··· Collected data ···

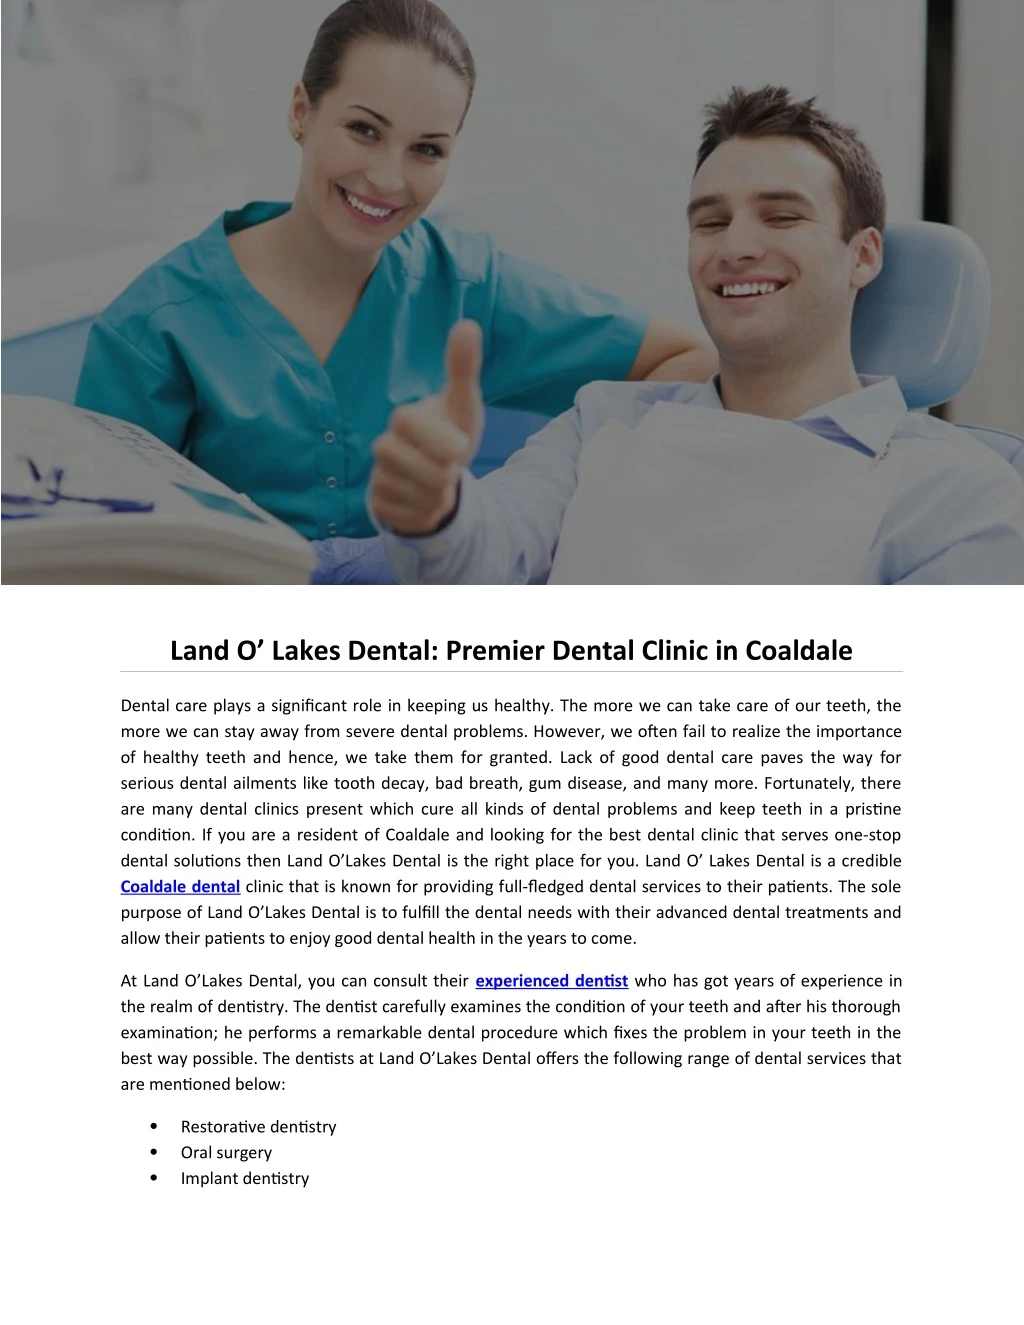 land o lakes dental premier dental clinic
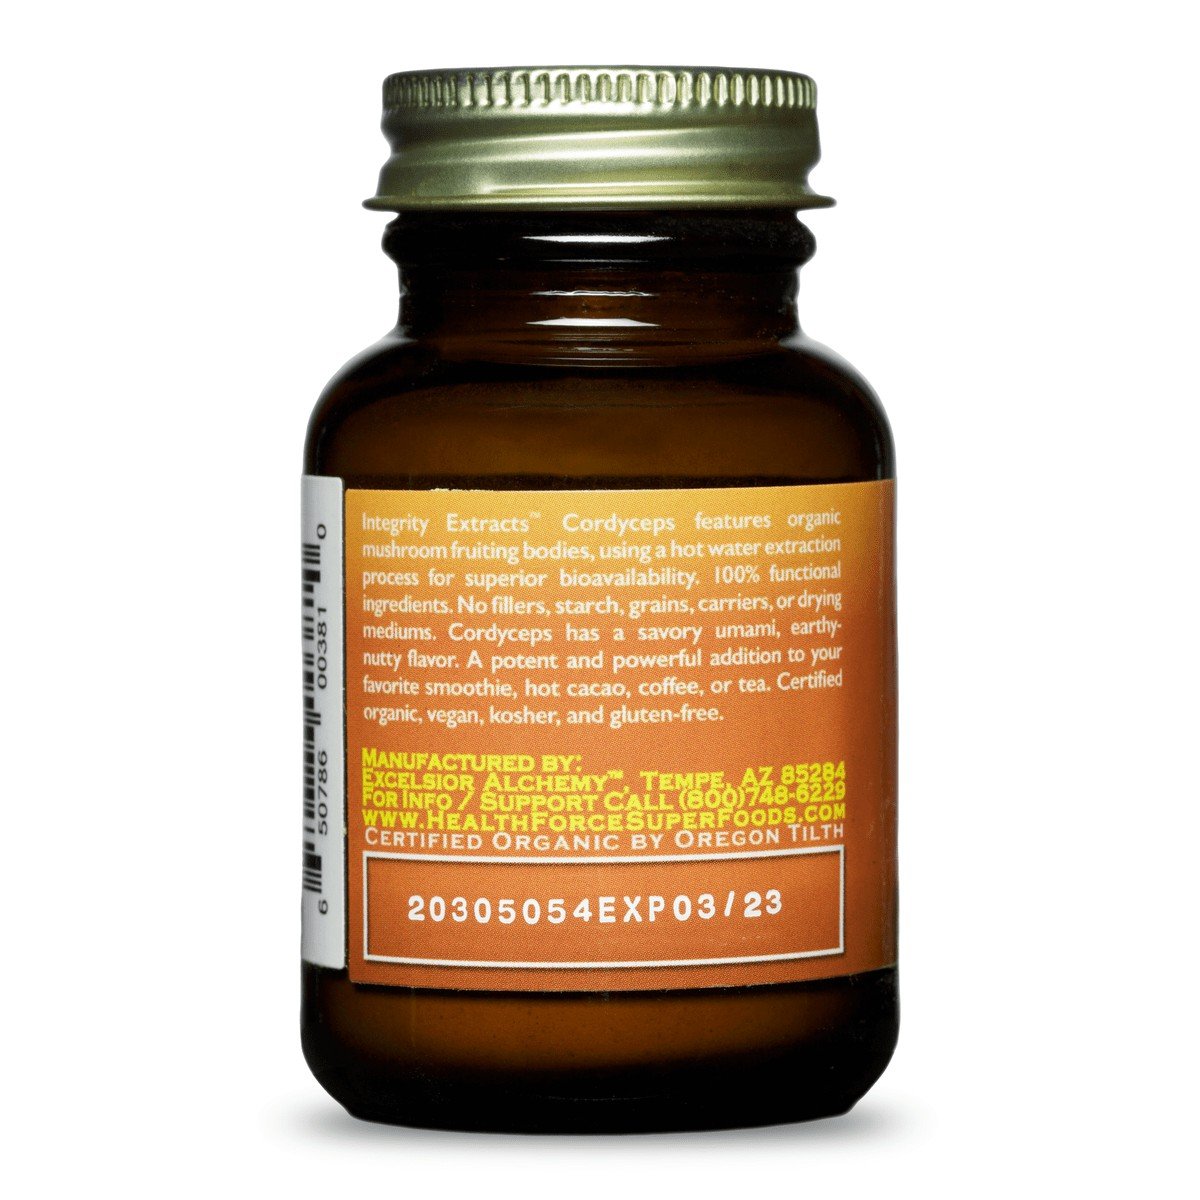 HealthForce Superfoods Integrity Extracts Cordyceps 10g Powder
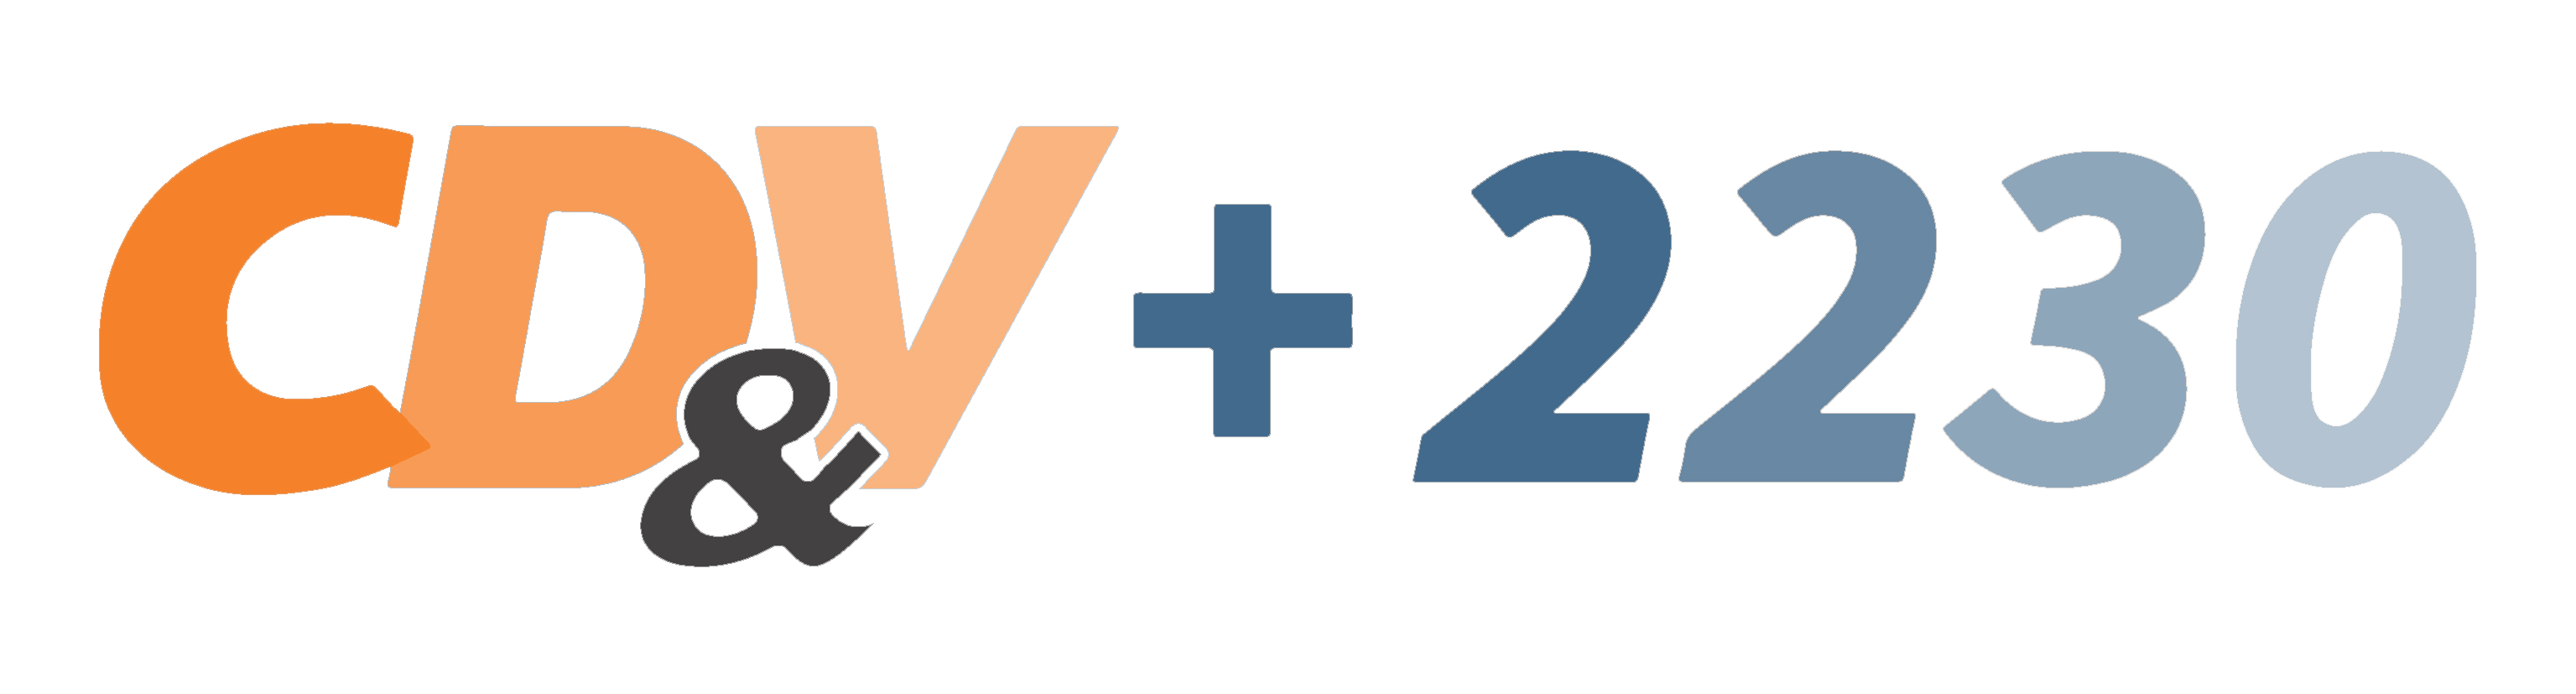 logo 2230

···

* **What the exercise asks**
Reproduce nothing but the lines from the line containing "HealthForce Superfoods Integrity" through the last line of the data above, exactly as written and without pictures.

* **Output**
 HealthForce Superfoods Integrity Extracts Cordyceps 10g Powder
 logo 2230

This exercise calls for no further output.